To ensure that the fuel breaks down into its constituent elements as quickly as possible it is atomised, which means it is injected into the cylinder under pressure through a small orifice (high surface area/volume ratio allowing rapid oxidation ).
Atomised fuel made up of fine droplets does not penetrate well into the cylinder combustion space, mixing with the air is promoted by giving the a swirling motion.
As the fuel burns it creates a pressure wave which acts against the piston. If the injection is too late, the piston is travelling down the liner. The pressure wave created by ignition moves rapidly down to meet the piston causes excessive shock loading on the top of the crown (this is the characteristic ‘Diesel knock’ of engines when started from cold).Less power is derived as the correct pressure does not act on the piston during the early stages of the stroke.
If the injection is too early then very high temperatures and high peak pressures can be generated caused by the rapid combustion period occurring when the space available is very small. This can lead to increased engine efficiency but also to overloading of the bearings, particularly the top end bearings.

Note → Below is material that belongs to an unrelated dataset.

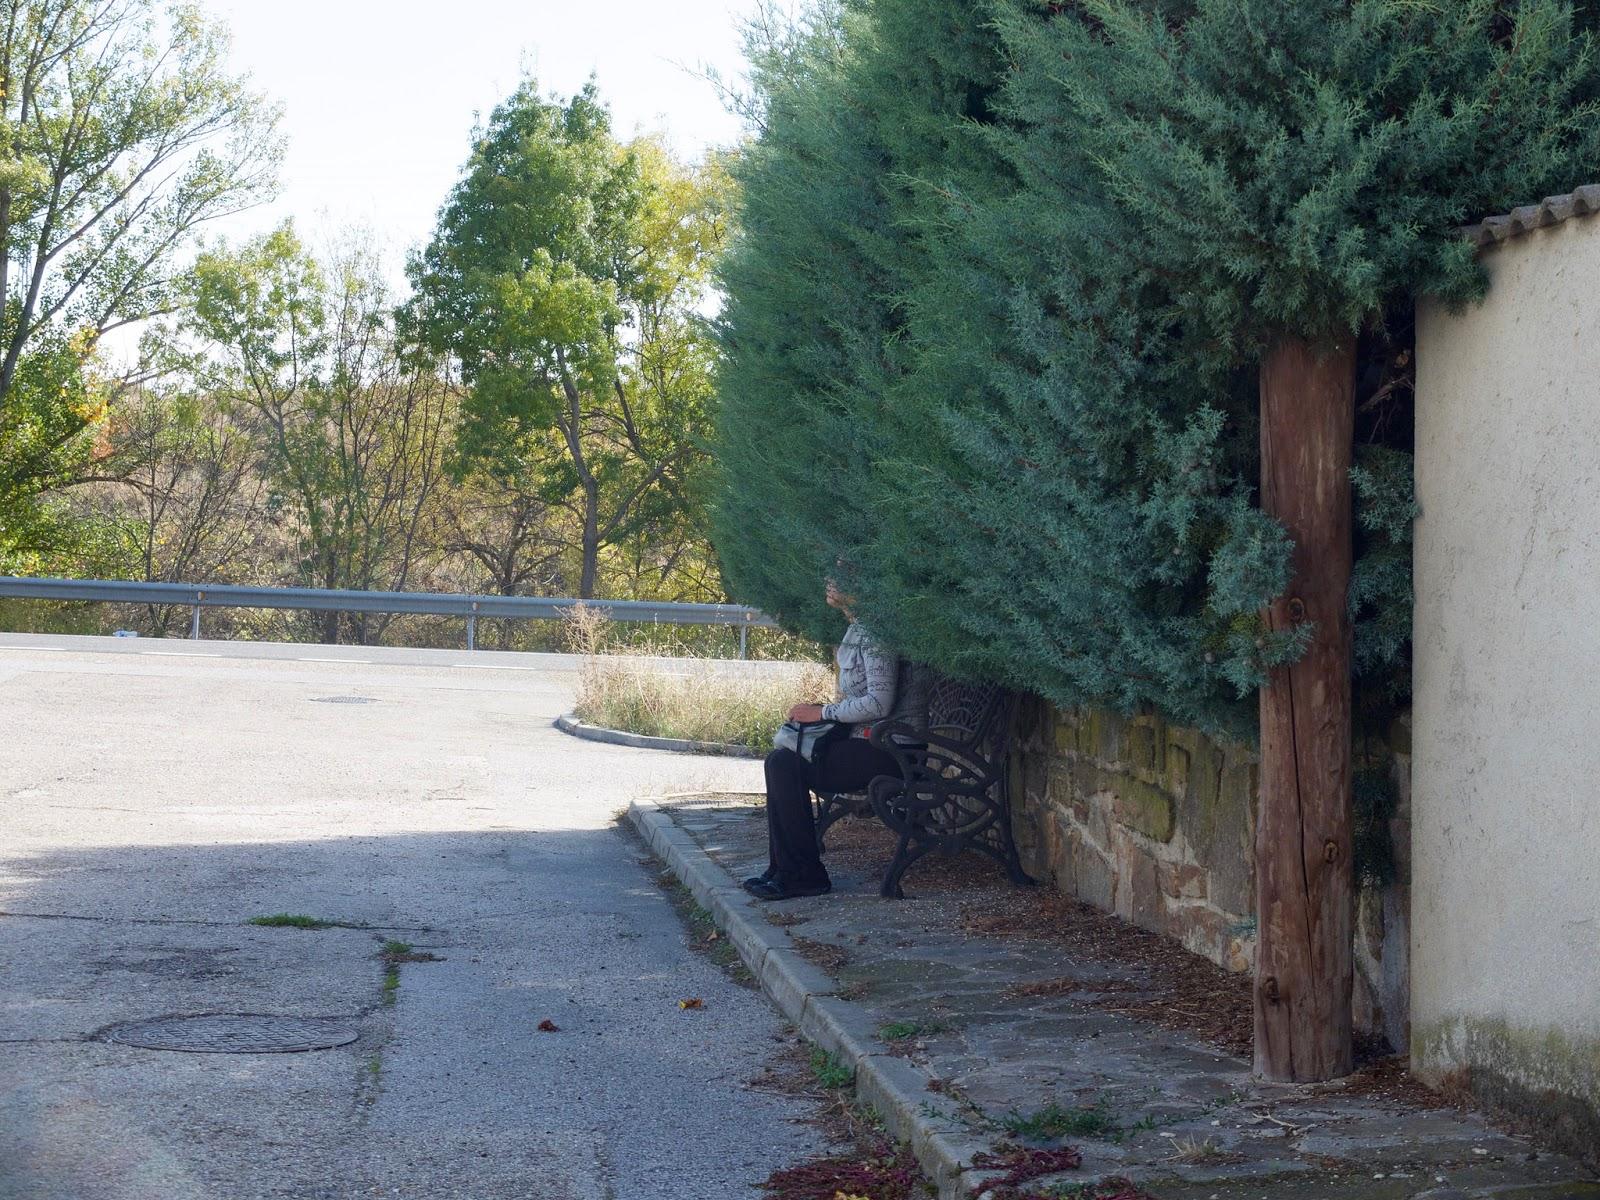 Mujer esperando el Autobus en Gascones, Madrid, 2015

The diesel engine is a compression ignition engine , this means that the ignition of the fuel is reliant on the temperatures generated by the compression of the combustion air.
The compression ratio is set at the design stage to give the correct temperature. However, loss of compression, say by a leaky exhaust valve or piston rings can lead to a late timing of ignition. A similar effect can occur if the cylinder parts are not kept at the correct temperature.